Göreceğiniz üzere mail subdomaini üzerinden giriş yapmaya çalışıyorlar, buradaki ana problem mail subdomaini ile wp-login.php sayfasına erişebilmeleri. Bu sayede bizim page rules ile belirlediğimiz önlemi atlatmış oluyorlar. Fakat çözümü oldukça kolay. .htaccess dosyasına basit bir kural ekleyip bu subdomain üzerinden login sayfasına erişimi durduracağız. Sitemizin ana dizininde bulunan .htaccess dosyasını açıp içeriğine aşağıdaki kodları ekleyelim, site kısmına kendi sitenizi yazmayı unutmayın.
#mail subdomain login yonlendirme
RewriteEngine On
RewriteCond %{HTTP_HOST} ^mail.teknotezgah.com$ [NC]
RewriteRule ^wp-login.php$ - [F]
#mail subdomain login yonlendirme
Bu kural, mail subdomaini üzerinden login sayfasına gelenleri ana domainde aynı sayfaya yönlendirerek kuralın bypass edilmesini engelleyecektir.
İkinci bir bypass yöntemi
Yukarıda anlattığım subdomain yöntemi dışında bir yöntem daha farkettim, çok basit ama etkili bir bypass yöntemi hemen örnek ile göstereyim;
62.210.140.xxx - - [17/Apr/2020:00:39:01 +0300] "GET //wp-login.php HTTP/1.1" 200 246 "-" "Mozilla/5.0 (Windows NT 10.0; Win64; x64) AppleWebKit/537.36 (KHTML, like Gecko) Chrome/80.0.3987.149 Safari/537.36"
Yukarıdaki kayıt incelenirken gözden kaçması kolay bir girişim var. Bunu bir yazım hatası sanabilirsiniz ama değil. Göreceğiniz üzere login sayfasına erişirken çift eğik çizgi kullanılmış “//wp-login.php” bu basit durum, kuralı devre dışı bırakıyor. Bu çizğiler bazen üçlü olarak da kullanılabiliyor. siteniz.com//wp-login.php şeklinde bir girişim ile kurallar bypass edilebiliyor. Fakat bunun çözümüde oldukça basit. Aşağıdaki kuralı .htaccess dosyamıza eklememiz sorunu çözüyor.
# slash kontrol
RewriteCond %{THE_REQUEST} ^[A-Z]{3,}\s/{2,} [NC]
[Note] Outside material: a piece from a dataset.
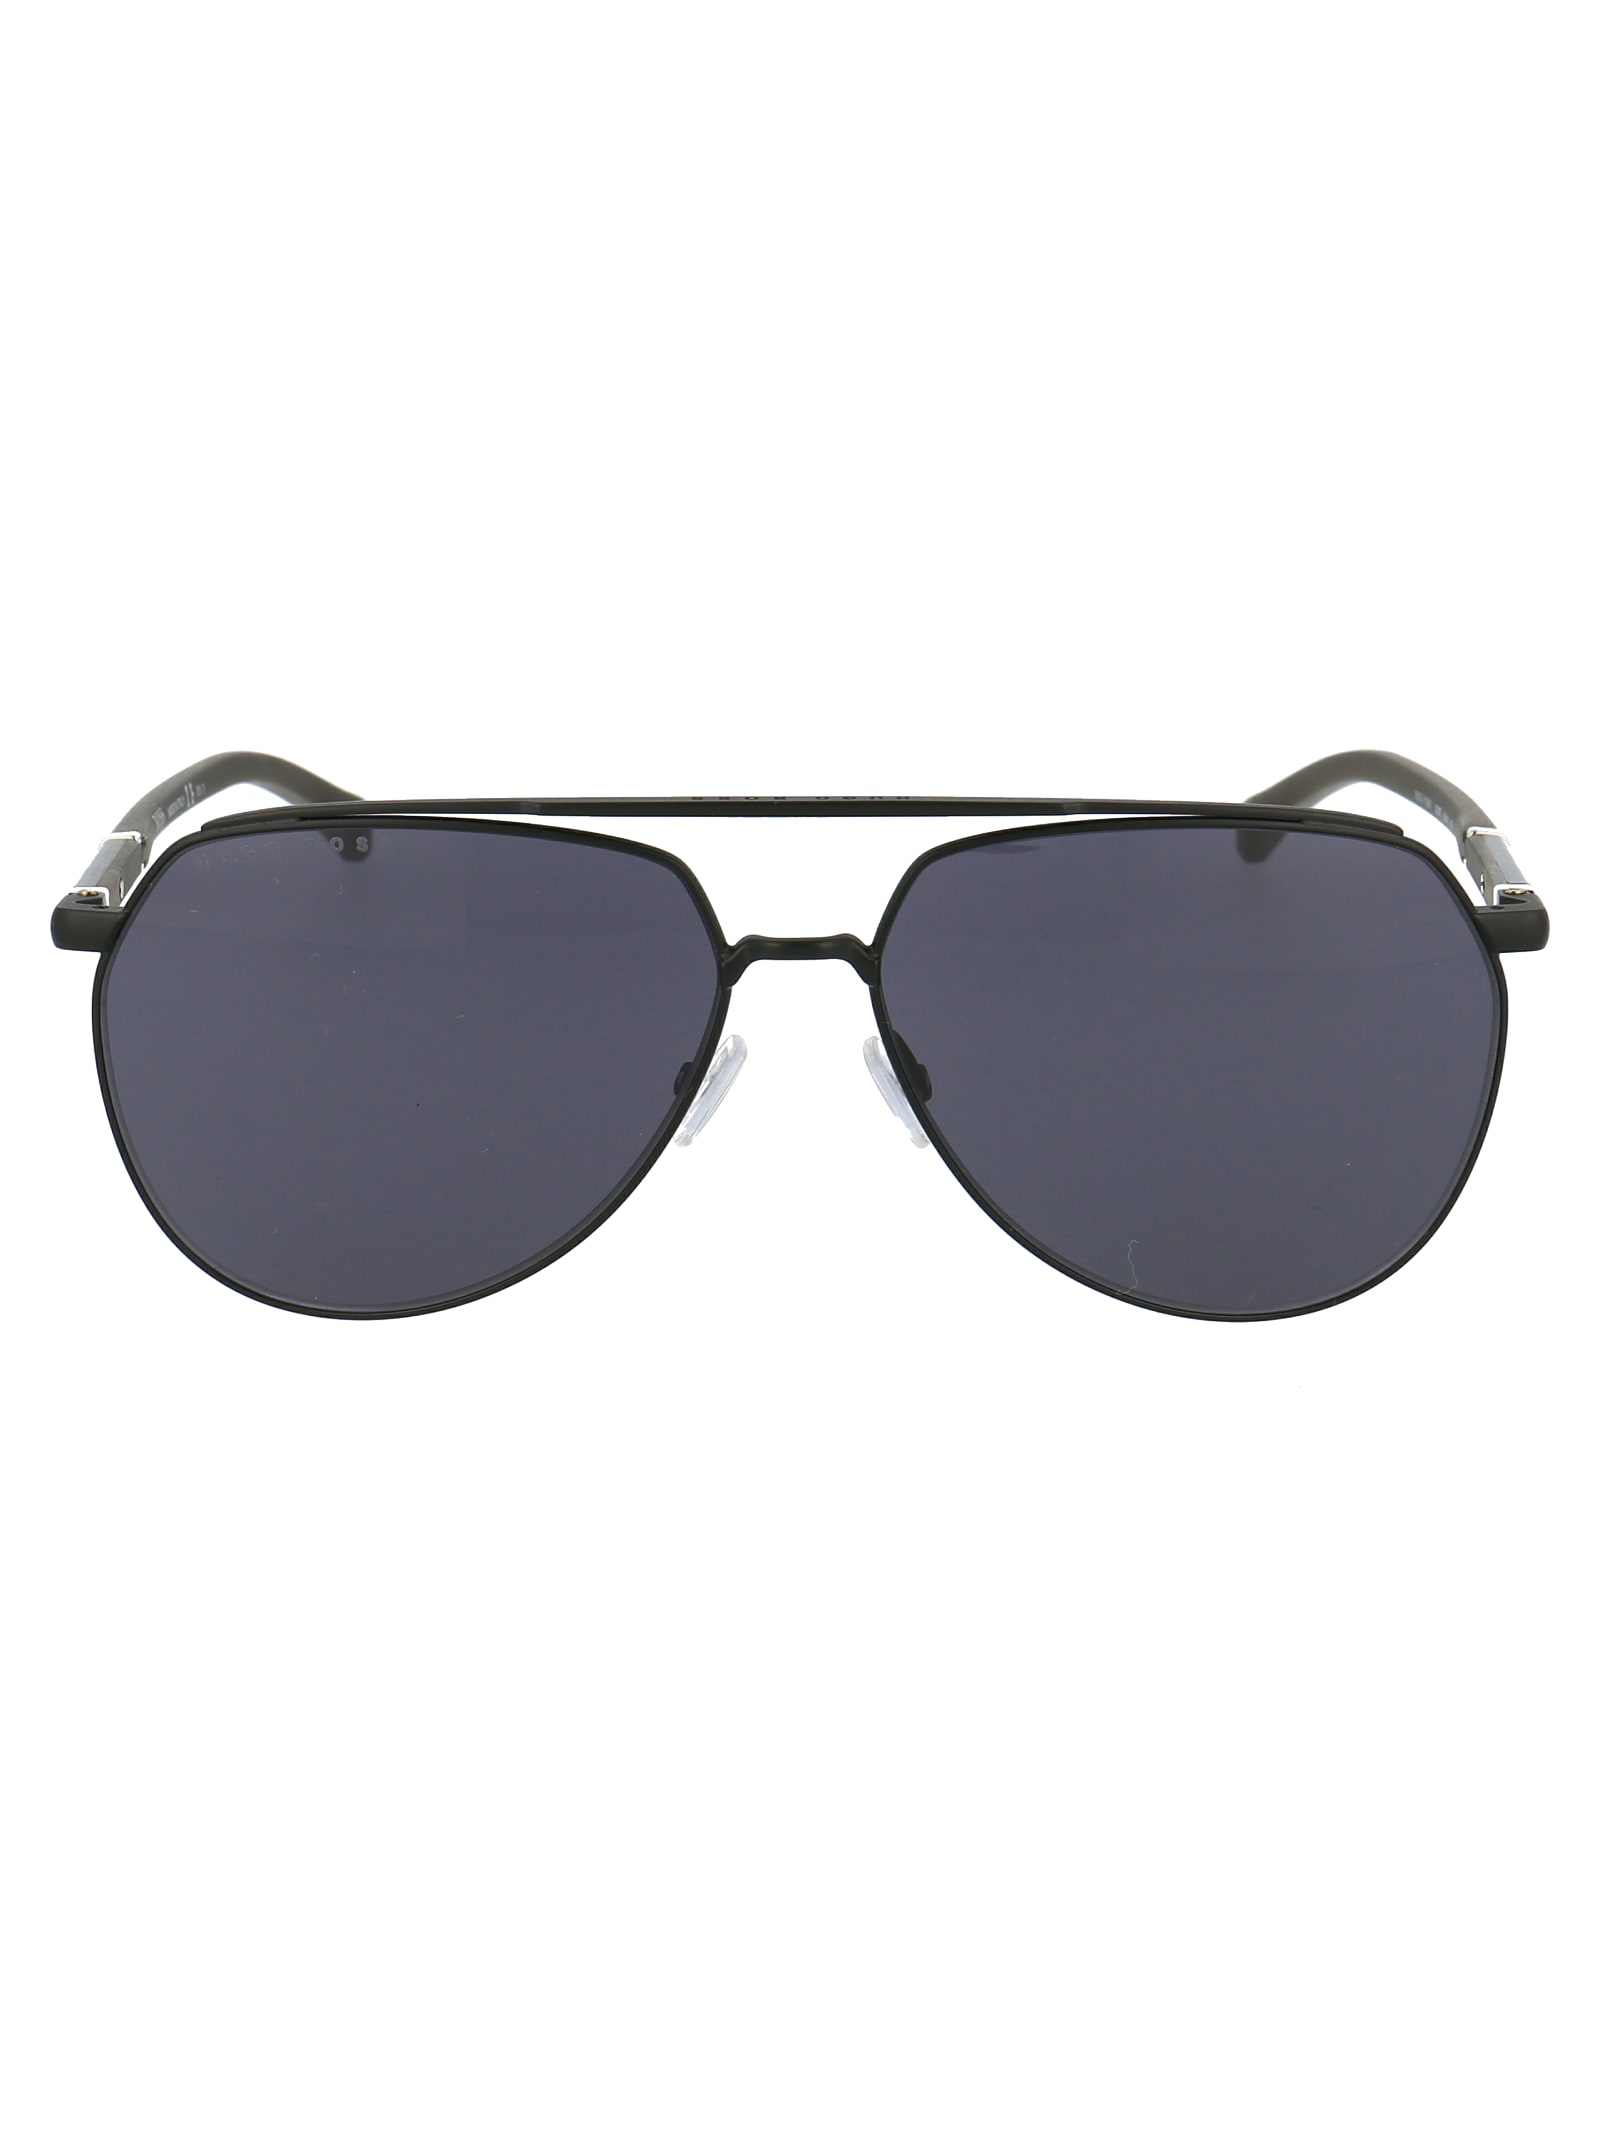 Hugo Boss Boss 1130/s Sunglasses

RewriteRule ^(.*) $1 [R=301,L]
# slash kontrol
Bu kural iki ve daha fazla “/“ olması durumunda bu çizğileri tek çizği haline getirecek. Hepsi bu kadar. Ben günlükleri kontrol edip yeni bypass yöntemleri keşfettikçe yazıyı güncelleyip, durumu sizlere aktarmaya çalışacağım. Bu haliyle sitemiz oldukça güvenli, spam ve saldırılardan korunaklı durumdadır. Tüm bunlara ek olarak Limit Login Attempts Reloaded isimli eklentiyi kurmanızda fayda var, bu eklenti sayesinde birden fazla yanlış giriş denemesi yapan ip adresleri engelleniyor. Ek bir önlem olarak bu basit eklentiyi tavsiye ederim.
(Yukarıdaki erişim günlüklerinde görülen “200” durum bilgisi, htaccess kuralları eklendikten sonra “301” olarak değişecektir. 301 bu sayfaların artık yönlendirildiği yani kuralınızın çalıştığı anlamına gelir.)
Sonuç
Eklenti kullanmadan, sunucumuza ek yük bindirmeden, kötü amaçlı tarfiği yukarıdaki yöntemle neredeyse tamamen engellemek mümkün. Engellenen girişimleri cloudflare firewall menüsü altında, overview kısmında görebilir, detaylı inceleyebilirsiniz. Burada detayları incelerken ASN kısmında google, microsoft gibi büyük firmaların adlarını görünce endişelenmeyin bunlar google veya bing botlarını engellediğiniz anlamına gelmiyor, bu firmalar barındırma hizmeti sağladıklarından, bu barındırma sunucuları üzerinden gelen kötü amaçlı tarfik olabiliyor ve filtremize takılıyor. Cloudflare google vb. arama motorları ve faydalı botları tanır ve engelleme uygulamaz, bu konuda endişeniz olmasın.